Very interesting find Bromley. OHSU..."nonimmunosuppressant derivative of cyclosporin A...Dennis Bourdette...it looks like they've done some work on this. It might not be one of the drugs mentioned in this abstract, but it all sounds very promising. There is another recent abstract (I'm not posting it) about the use of a derivative of cyclosporin A in spinal cord injury from a different group of researchers. Seems like an area to watch.



FK506 and a nonimmunosuppressant derivative reduce axonal and myelin damage in experimental autoimmune encephalomyelitis: neuroimmunophilin ligand-mediated neuroprotection in a model of multiple sclerosis.

J Neurosci Res. 2004 Aug 1;77(3):367-77.
Gold BG, Voda J, Yu X, McKeon G, Bourdette DN.
Center for Research on Occupational and Environmental Toxicology (CROET), Oregon Health and Science University, Portland, Oregon 97239-3098, USA. gold@ohsu.edu

Multiple sclerosis (MS) is an inflammatory disease of the central nervous system (CNS) in which demyelination and axonal loss result in permanent neurologic disability. We examined the neuroprotective property of the immunosuppressant FK506 (tacrolimus), FK1706 (a nonimmunosuppressant FK506 derivative) and cyclosporin A (CsA) in a chronic relapsing experimental autoimmune encephalomyelitis (EAE) model of MS.

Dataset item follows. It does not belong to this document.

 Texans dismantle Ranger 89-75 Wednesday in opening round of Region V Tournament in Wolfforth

Female SJL/J mice were immunized by subcutaneous (s.c.) injection with proteolipid protein 139-151 peptide in complete Freund's adjuvant. At the onset of paralysis, 12-14 days after immunization, mice received daily s.c. injections of FK506 (0.2, 1, and 5 mg/kg), FK1706 (5 mg/kg), CsA (2, 10, and 50 mg/kg), saline or vehicle (30% dimethylsulfoxide) for 30 days.

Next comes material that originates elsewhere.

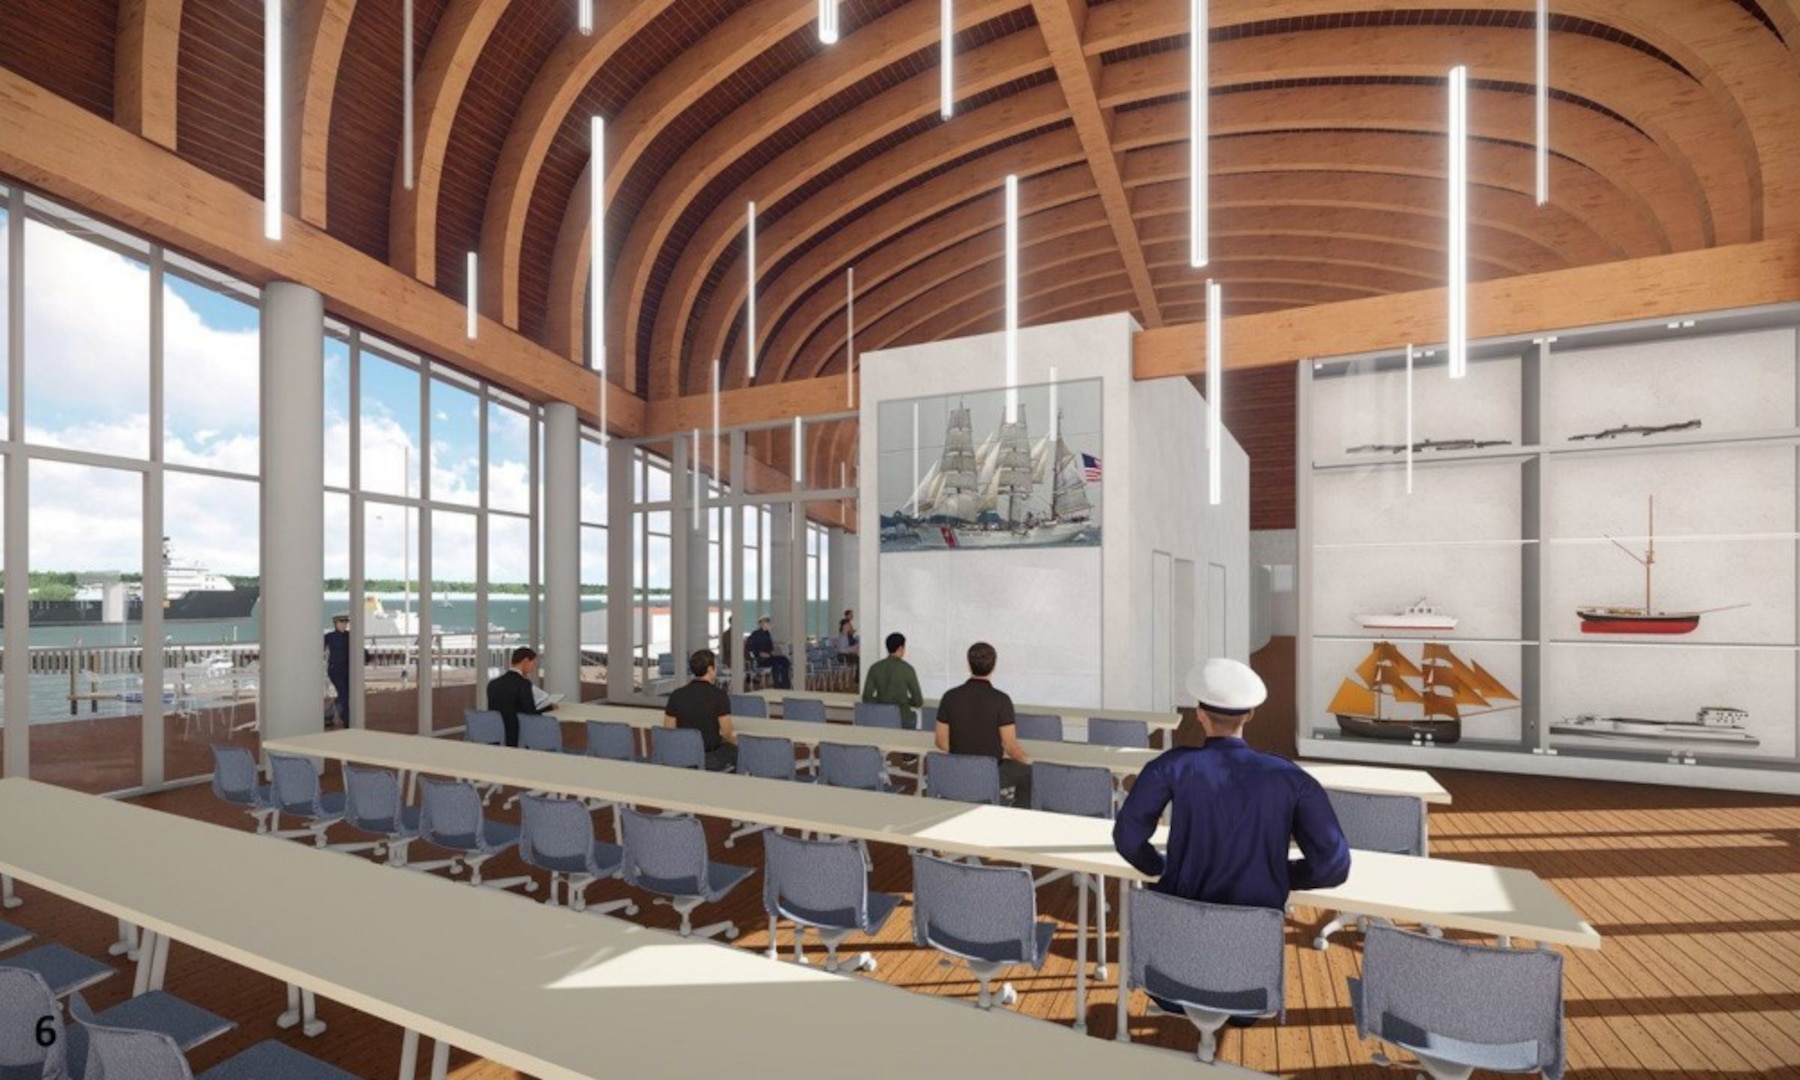 Architectural rendering of the future Maritime Center of Excellence (MCOE) at the U.S. Coast Guard Academy. The future MCOE will enhance the waterfront facilities at the Academy by offering interactive and high-tech classrooms for a variety of educational and leadership development courses. (U.S. Coast Guard photo courtesy of U.S. Coast Guard Academy Alumni Association)

FK506 (at a dose of 5 mg/kg) reduced the severity of the initial disease and suppressed relapses. FK1706 did not significantly alter the clinical course and CsA (at a dose of 50 mg/kg) lessened the severity of the initial episode of EAE but did not alter relapses. In the thoracic spinal cord, FK506 (5 mg/kg), FK1706 (5 mg/kg), and CsA (50 mg/kg) significantly (P < 0.001) reduced the extent of damage in the dorsal, lateral, and ventral white matter by a mean of up to 95, 68, and 30%, respectively. A nonimmunosuppressant dose of FK506 (0.2 mg/kg) also significantly (P < 0.001) reduced the extent of damage in the spinal cord by a mean of up to 45%. Other dosages of these compounds were ineffective.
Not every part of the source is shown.